I love being a homemaker and I feel completely fulfilled and satisfied, yet I have noticed that many women feel that if they "just stay home", that some how their job is just not as important as when they worked outside of the home and I often hear that they feel that they are just “not good at it”. On top of this, many women feel the pressure of their family (and friends) to contribute financially, especially in recent times when prices seem to only rise and incomes stay the same, jobs security is low and unemployment is rising.
I remember when I was younger thinking that to be considered strong, hard working and confident I would have to have a high paying and respected job. Well, I sure didn’t get it, much to the disappointment of some; yet in many ways I believe my job, although low paying, and in many ways, not respected, is the foundation of not just my family, but also my community.

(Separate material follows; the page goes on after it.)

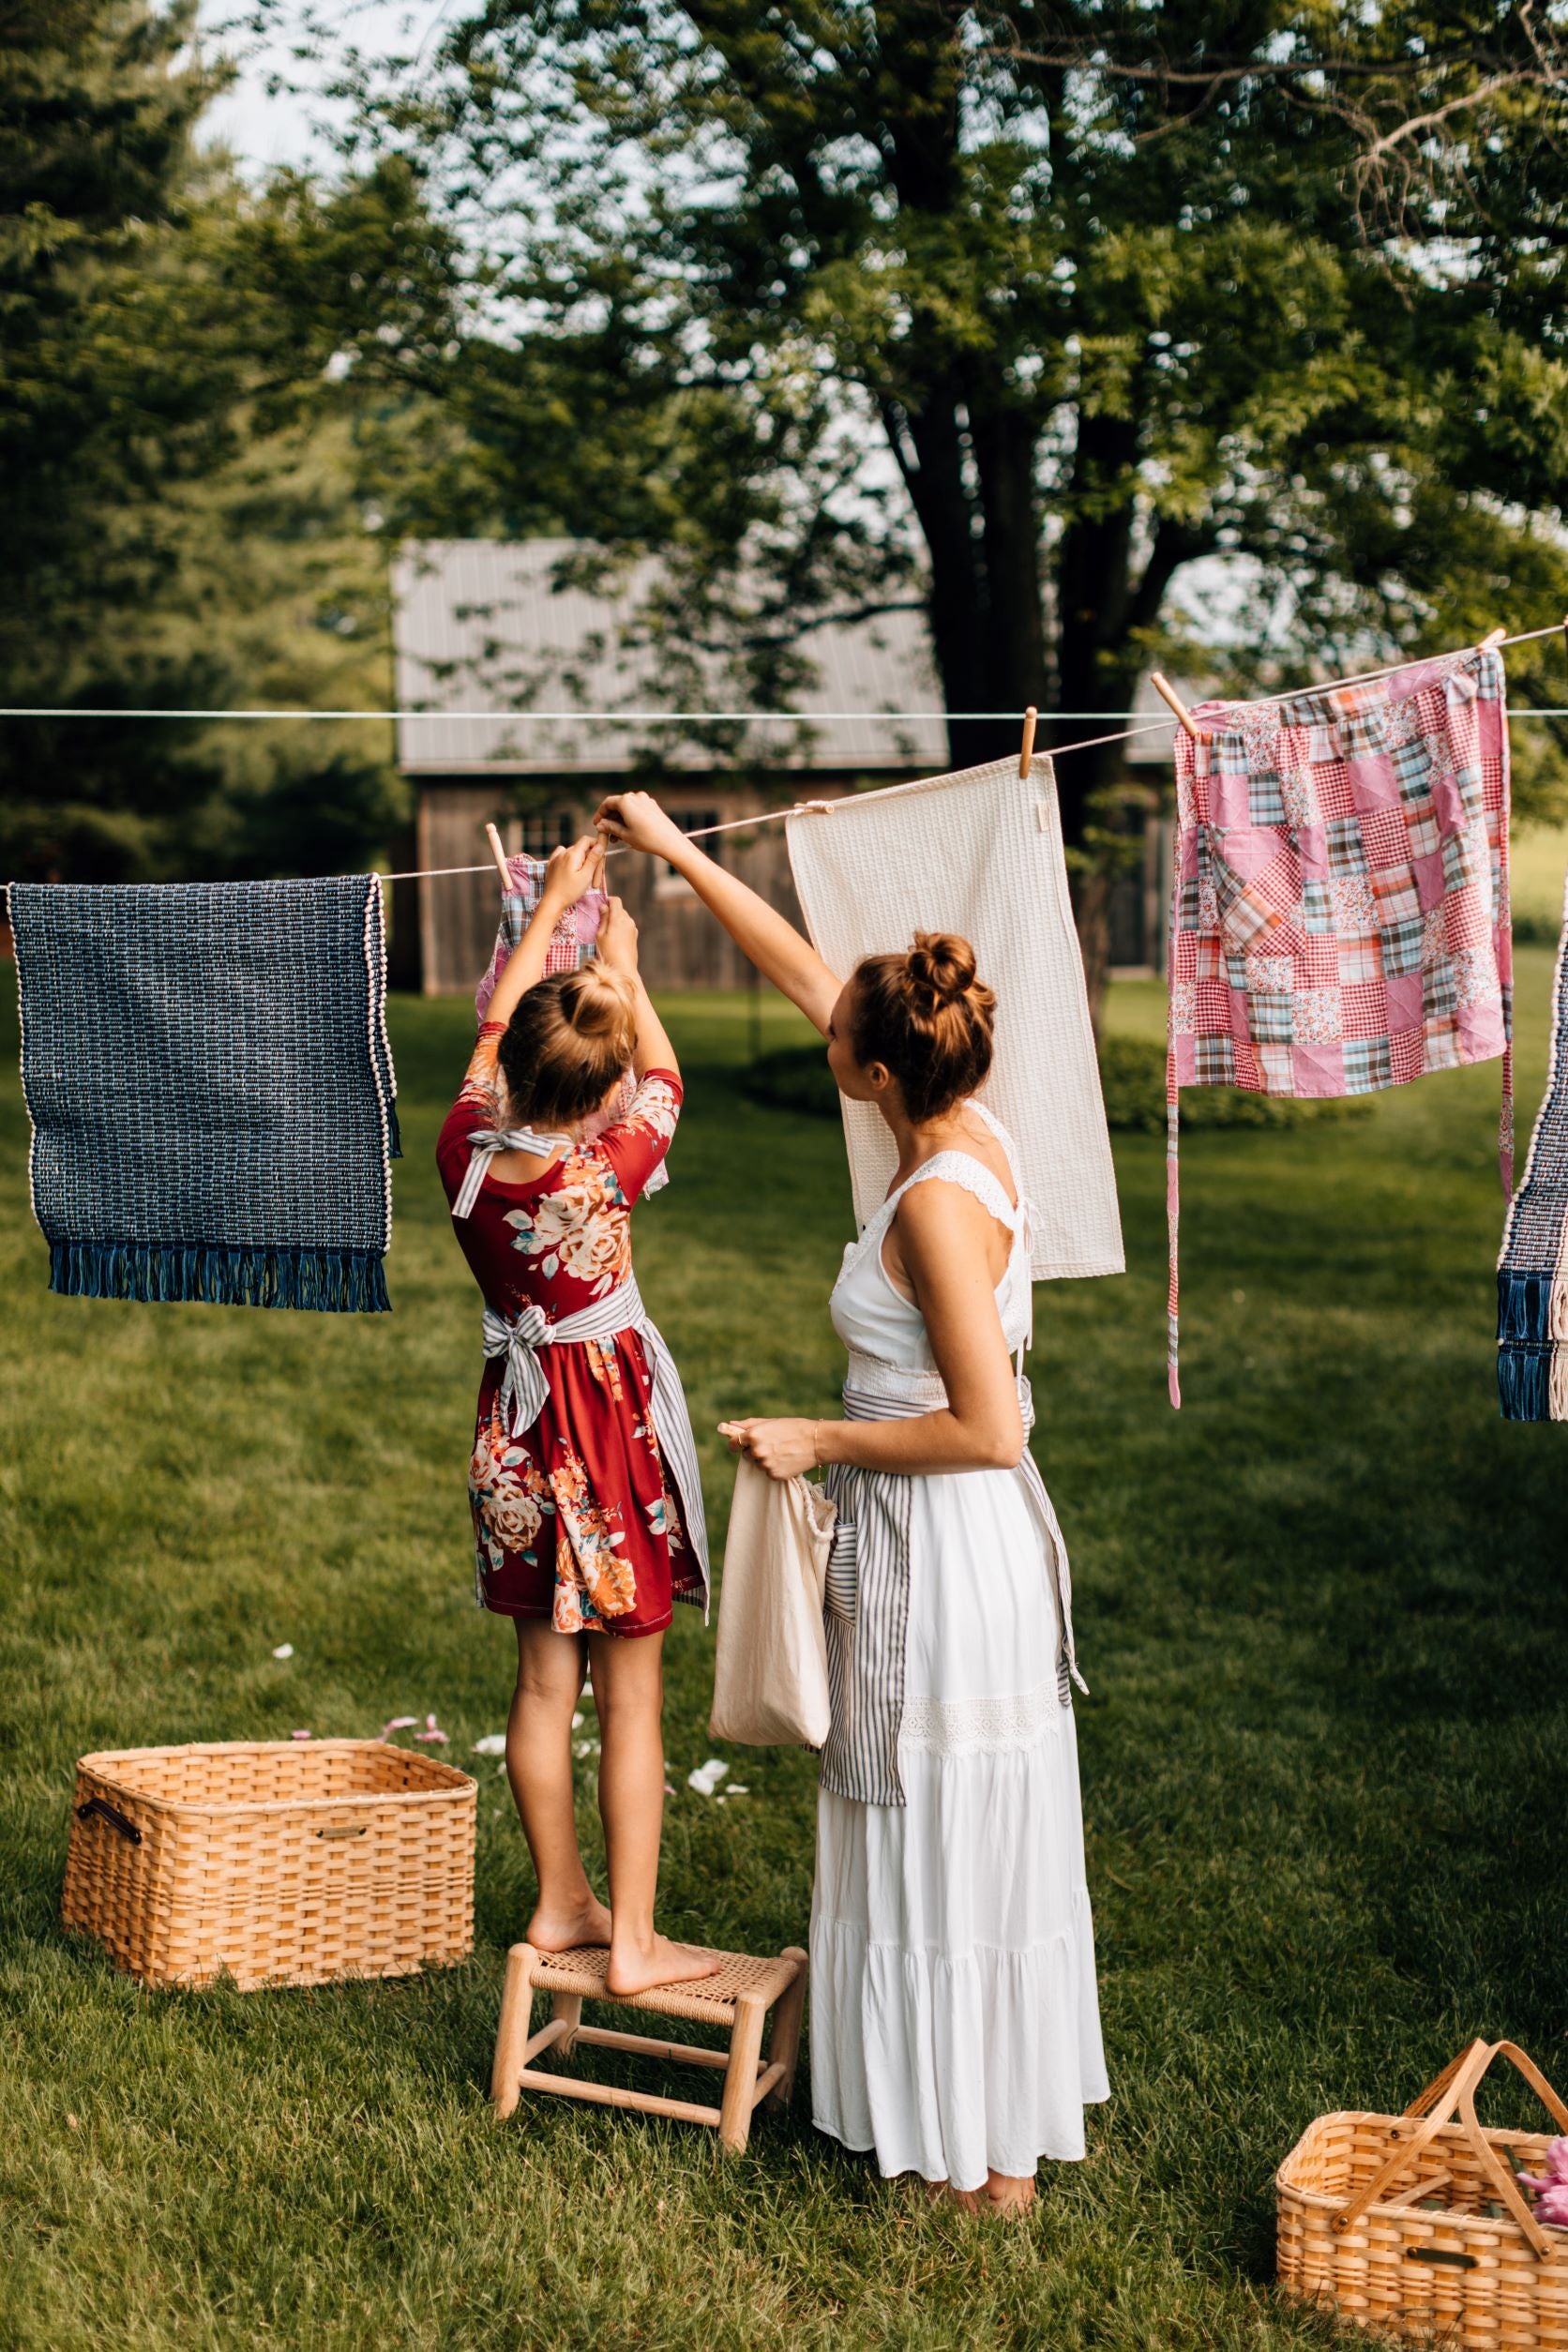 The Child's Quilted Patchwork Apron Hanging on a Clothesline

There have been times in my life, when I have taken contract work that has caused me to put in 8 hour days outside of the home for weeks (or months at a time), and although the financial pressure did ease, other pressures increased 10 fold. Now don’t get me wrong, I have the utmost respect for mothers that work full-time outside of the home. There are definitely some women whose God-given talents lead them into a variety of important jobs and there are some single-mothers that don’t even have the option, but there are also a huge group of mothers out in the workforce, who are there only because society as a whole puts so much pressure on families financially – having new cars, taking vacations, putting your children in extra-curricular sports, having hobbies are all expensive - almost all seemingly unobtainable on a single income. Yet, in the process of trying to keep up with the norm, much is being sacrificed. The breakdown of families and youth tells a sad story and shows that children and families are taking the brunt of everyone just trying to keep up.
Look back 50 years when a typical family lived on only one income – things were very different. Most families would have only one car, meaning you would only need to pay for one registration and insurance. Now, many families not only have vehicles for both adults and one (or two or three) for the older children in the home as well – often bought and insured by the parents. Homes were smaller on average, according to the National Association of Home Builders (Housing Facts, Figures and Trends for 2006) an average home in the 1950’s was 983 sq ft, by 1970 it was up to 1,500 sq ft, in 1990 2,080 sq ft and in 2004 a whopping 2,349 sq ft! The average house size has more than doubled! The concept of children sharing a bedroom or often even sharing a bathroom is no longer the norm, in many families each person not only has their own bedroom and bathroom, but also their own television set, dvd (or blue ray) and laptop and/or computer.
All of this has started me thinking about all the stuff I have, especially about all the stuff I want and if what we spend our money on, and what we have, really lines up with what our families priorities are. Keeping up with the norm on one income is not really achievable - but should it even be a goal anyways? In most cases I would say probably not, yet it is so easy to slide into a "wanting it all" mentality without even realizing it. To start thinking about newer and nicer vehicles, a bigger home with a perfect kitchen and lots of bathrooms that is out of town, nice vacations, new clothes, more lessons for the children and on and on and on.
So am I willing to give up some of that?
I guess for me, it really comes down to the fact that time with my children can just never be replaced, once time is gone that is it. I spent the first several years of their lives chasing societies dreams, enhancing my education, striving for a prestigious position in society, and not a day goes by that I do not look back and wish that I had done lots of it differently. I can not change the past, but I do have control over the present, and I believe that one of the best gifts my husband and our children is me staying home.
Being a homemaker, to me, is about making our house into a home. Making the lives of my family comfortable, and have them feel well cared for and well loved. I may not have a lot of formal job experience, but my life experiences are rich and I thank God everyday that I have been given this opportunity.
Blessings,
Christine
As a working mother of "old" children, I totally agree with your sentiments. Time lost can never be regained. As my oldest prepares for her wedding, I've revisited memories, grateful for the time we've had together but regretting missed opportunities as well. I do think that more women are coming to the conclusion that "more stuff" is not the path that God would have them take. For those women who have to work (like I have), I would continue to encourage them to make the most of every opportunity. Trust me, one morning you wake up and they are high school seniors or engaged and you wonder how on earth we got here so fast. (I'm pretty sure they were toddlers just a moment ago.)